Under This Weather

Sarah had been living in circle for three years. Not just one, but multiple chains of bring that were interwoven to form one great revolving cycle. At first the monotony and sameness of her existence had soothed her. Her fear of the unknown had whispered in her ear, convincing her that the path she had taken was the right one. Now, as much as she loved her home, the endless cycle of droughts and floods had hardened her and kindled a feeling of resentment in her weather-worn heart. The land had claimed her as its own and each beating ray of sun or piercing drop of rain filled her with hurt and pain.

Once she had been beautiful. Not only that, but she was the brightest student in her class.
“All the smarts to go to the city and to university!” they had said. The idea had terrified her. In her tiny rural town, no one had ever gone on to be anything more than a cattle farmer. That was all there was. The land, and only the land to make a living from. You were born there and you died there, completing the circle of life again and again. Yet she could do nothing but fulfil their expectations. She studied as much as it pained her to leave the home she loved. That was the year of the floods. Each raindrop was a tear that ran down her face and her melancholy permeated the air and dripped sullenly from the corrugated roof.
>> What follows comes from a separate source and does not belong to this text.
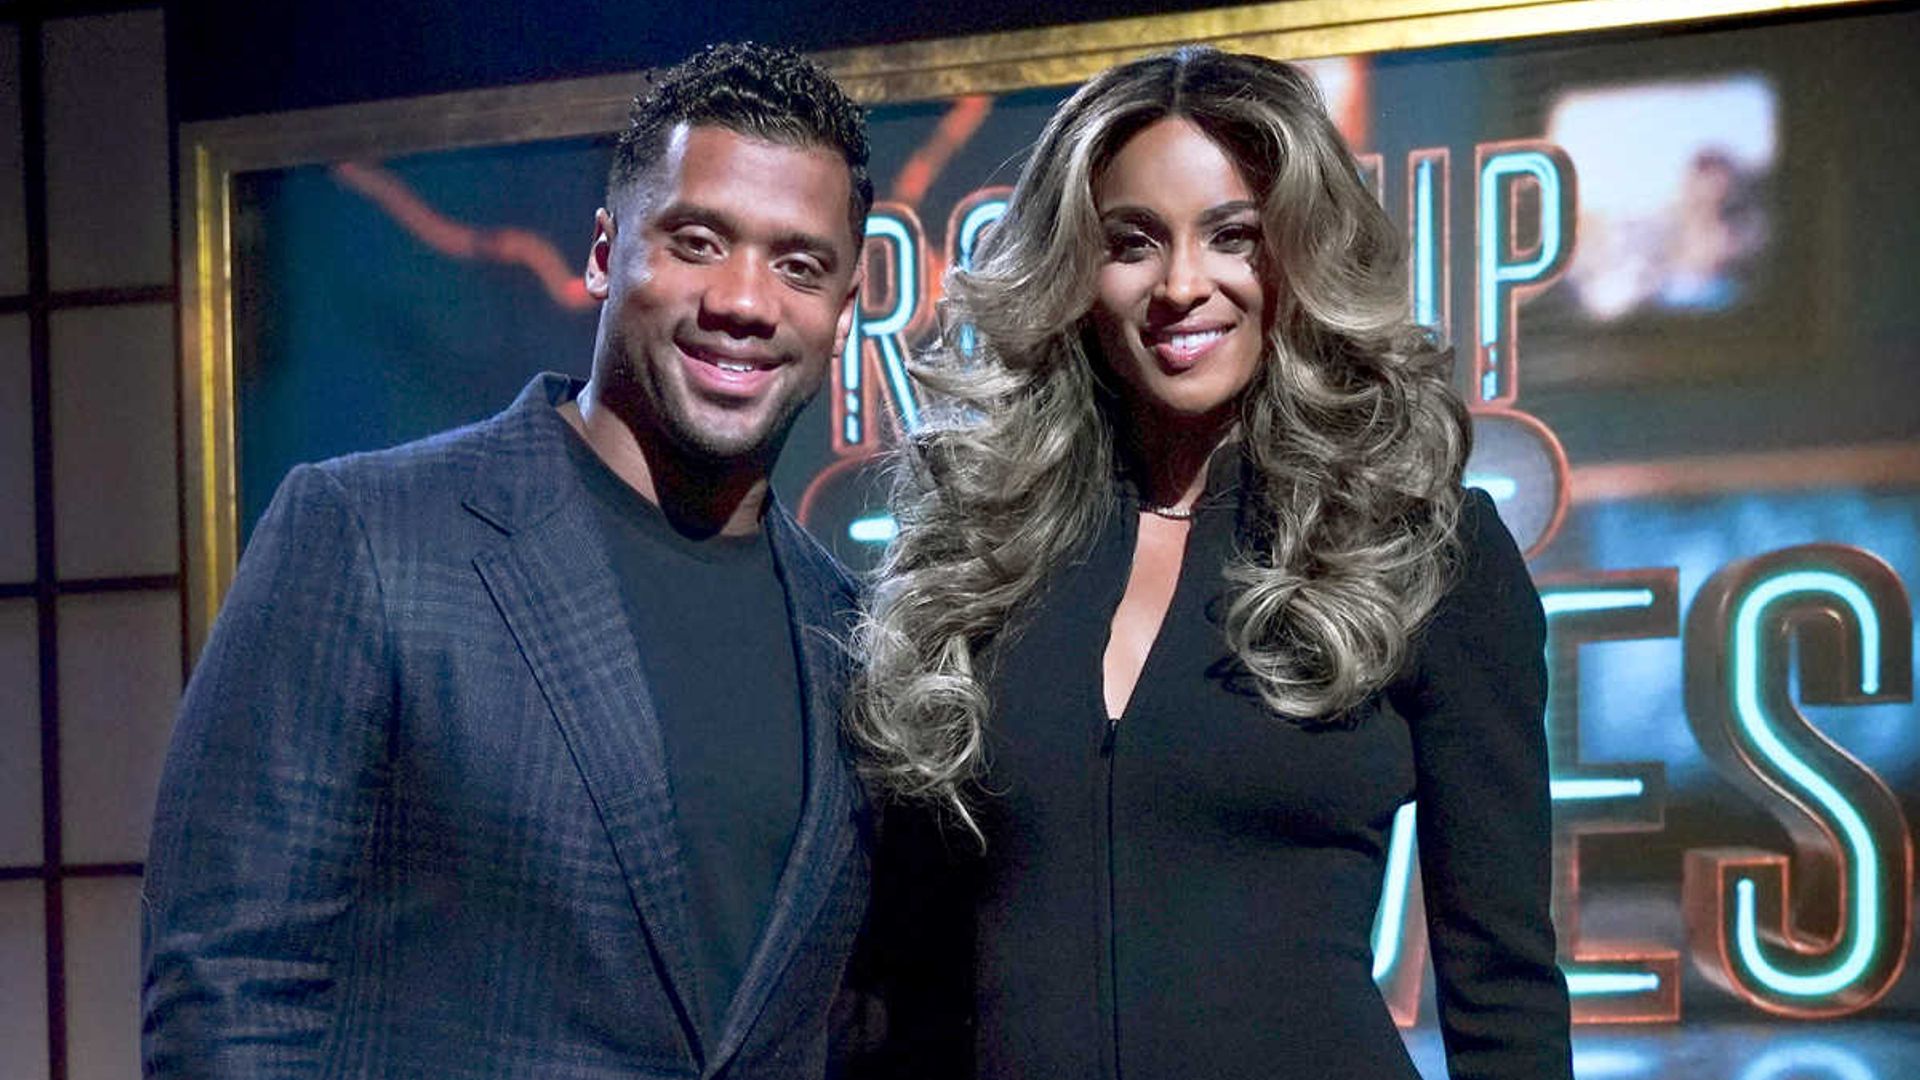 Ciara and Russell Wilson's family Christmas had some surprising guests you have to see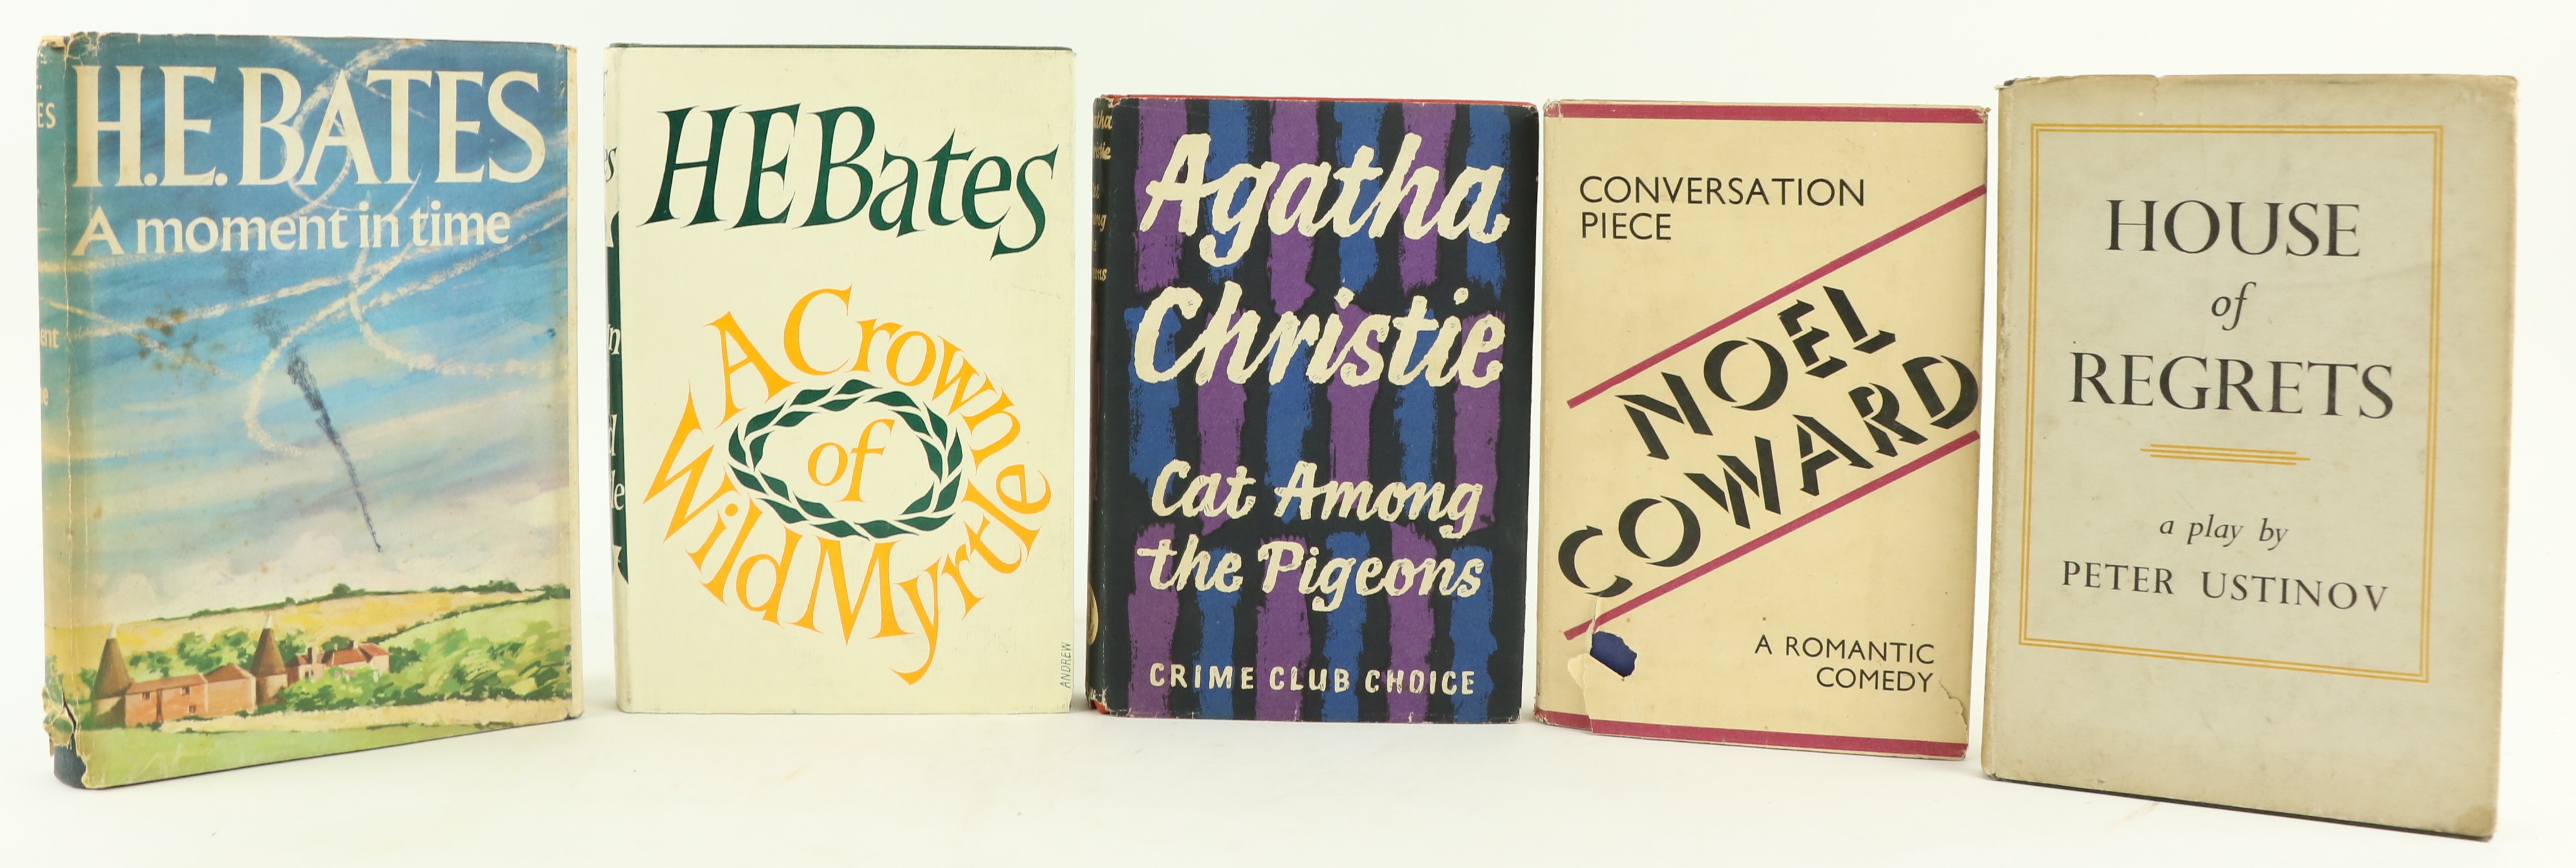 Christie (Agatha) Cat Among the Pigeons, 8vo L. (Crime by Collins) 1959, First Edn., red cloth, d.

The next year it became a drought. With each passing day the land cracked and split. Sarah yearned to care for it, to soothe the deep wrinkles of the earth and bring new life. She needed and excuse. Anything that would let her stay and forget the frightening prospect of change forever. So she decided to fall in love. To her it seemed like the best idea in the world. He was hard and lean, from the city of course, with a strange accent. Marrying him was the next best thing to moving to the city and she might have loved him. Once. Yet as he slipped the plain gold band around her finger, the elders sighed with regret.
“Ah well,” they muttered softly “Ah well.”

The ring became the second circle to control her. She was married now and under the power of her husband. The first year it rained. Incessantly. She had to teach her husband how her land worked and how to rescue the moaning cows from the sucking mud pits. Her shin hardened and her hands calloused. He lost all love for Sarah. The circlet that adorned her hand became heavier and heavier with each passing day.

A year of drought later, there came a crack in the monotonous ring of her life. She was pregnant. Something new and beautiful had come out of something so tiring and repetitive. That realisation became her hope and with that hope came the seed of an idea. The lack of water made her cultivate that seed with her mind, body and soul, secretly and away from her husband. She rejoiced in the upwards momentum it spurred, as everything she had ever know had only gone around and around in circles.

So she sat that day, in her kitchen, mulling things over. The screen door banged in the dry dusty breeze, that swirled in circular patterns about the posts on the veranda, feigning lazy indifference. They were taunting and mocking her, laughing at the state of her life thus far. Sarah was twenty-one. Far too young to be trapped in a circle. Her hand gently splayed across the small mound that was her belly. The child kicked once, twice and Sarah made up her mind.

The circle was removed from her finger, the dust rings broken by her body and the screen door shut with a bang, bidding her farewell for the last time. As she stepped from the veranda, the last circle constricting her existence broke. It rained, it created new life and she was free.